Another thing I'll mention is that Scikit-Learn conveniently offers something called train test split, as does Hugging Face datasets, as does Fast AI, we have something called Random Splitter. It can be encouraged, it can almost feel like it's encouraging you to use a randomized validation set because there are these methods that do it for you.

But yeah, be very, very careful, because very, very often that's not what you want. So if you want what a validation set is, so that's the bit that you pull out of your data that you don't train with, but you do measure your accuracy with, so what's a test set?

It's basically another validation set, but you don't even use it for tracking your accuracy while you build your model. Why not? Well, imagine you tried two new models every day for three months. That's how long a Kaggle competition goes for. So you would have tried 180 models, and then you look at the accuracy on the validation set for each one.

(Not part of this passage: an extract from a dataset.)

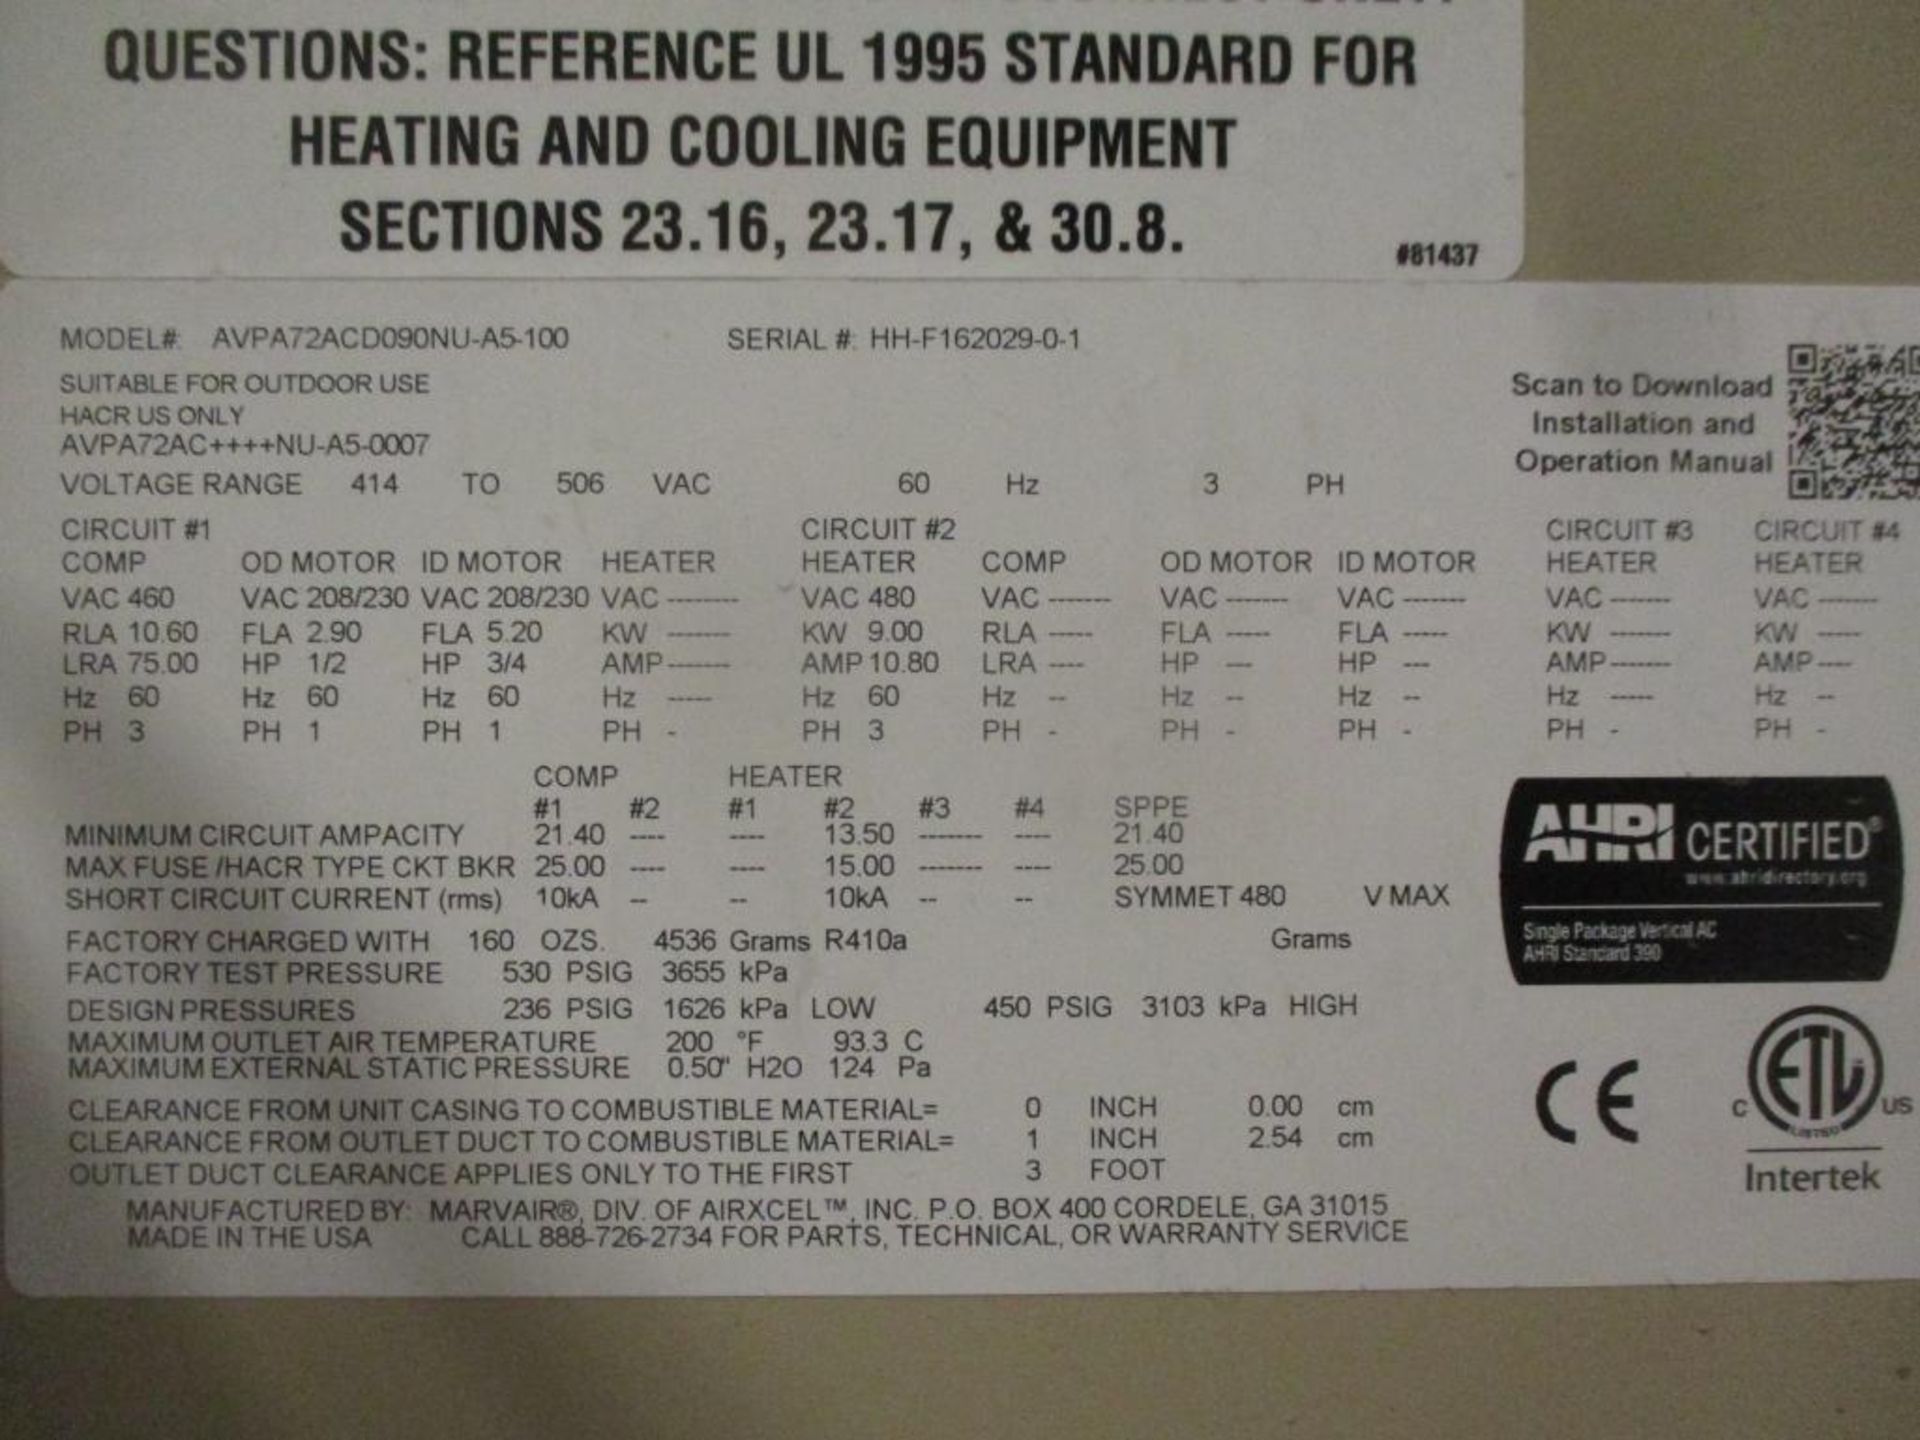 Airxcel Marvair ComPac I Heater, Model AVPA72ACD090NU-A5-100 (New) - Image 4 of 4
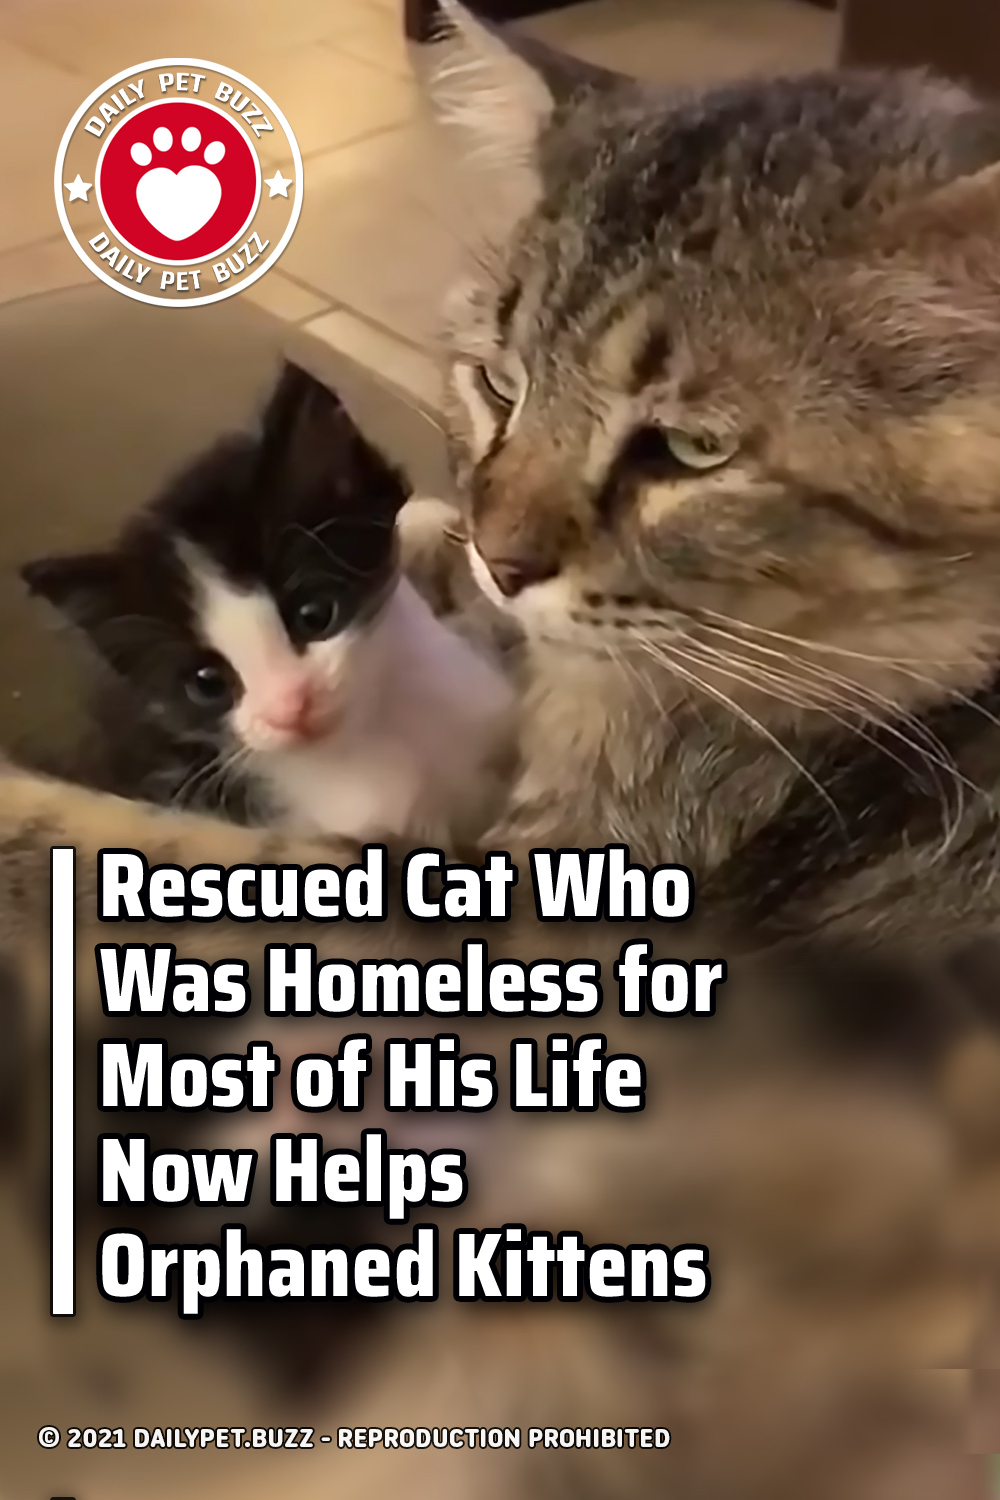 Rescued Cat Who Was Homeless for Most of His Life Now Helps Orphaned Kittens

Some of those models, you would have got a good accuracy on the validation set potentially because of pure chance, just a coincidence, and then you get all excited and you submit that to Kaggle, and you think you're going to win the competition, and you mess it up. And that's because you actually overfit using the validation set.

So you actually want to know whether you've really found a good model or not. So in fact, on Kaggle, they have two test sets. They've got the one that gives you feedback on the leaderboard during the competition and a second test set, which you don't get to see until after the competition is finished.

So in real life, you've got to be very careful about this, not to try so many models during your model building process that you accidentally find one that's good by coincidence. And only if you have a test set that you've held out or you know that. Now that leads to the obvious question, which is very challenging, is you spent three months working on a model, worked well on your validation set, you did a good job of locking that test set away in a safe so you weren't allowed to use it, and at the end of the three months, you finally checked it on the test set and it's terrible.

What do you do? Honestly, you have to go back to square one. There really isn't any choice other than starting again. So this is tough. But it's better to know, right? Better to know than to not know. So that's what a test set's for. So you've got a validation set, what are you going to do with it?

What you're going to do with a validation set is you're going to measure some metrics. So a metric is something like accuracy. It's a number that tells you how good is your model. Now on Kaggle, this is very easy. What metric should we use? Well, they tell us. Go to Overview, click on Evaluation, and find out, and it says, "Oh, we will evaluate on the Pearson correlation coefficient." Therefore, this is the metric you care about.

So one obvious question is, is this the same as the loss function? Is this the thing that we will take the derivative of and find the gradient and use that to improve our parameters during training? And the answer is maybe, sometimes, but probably not. For example, consider accuracy. Now if we were using accuracy to calculate our derivative and get the gradient, you could have a model that's actually slightly better, you know, slightly like it's doing a better job of recognizing dogs and cats, but not so much better that it's actually caused any incorrectly classified cat to become a dog.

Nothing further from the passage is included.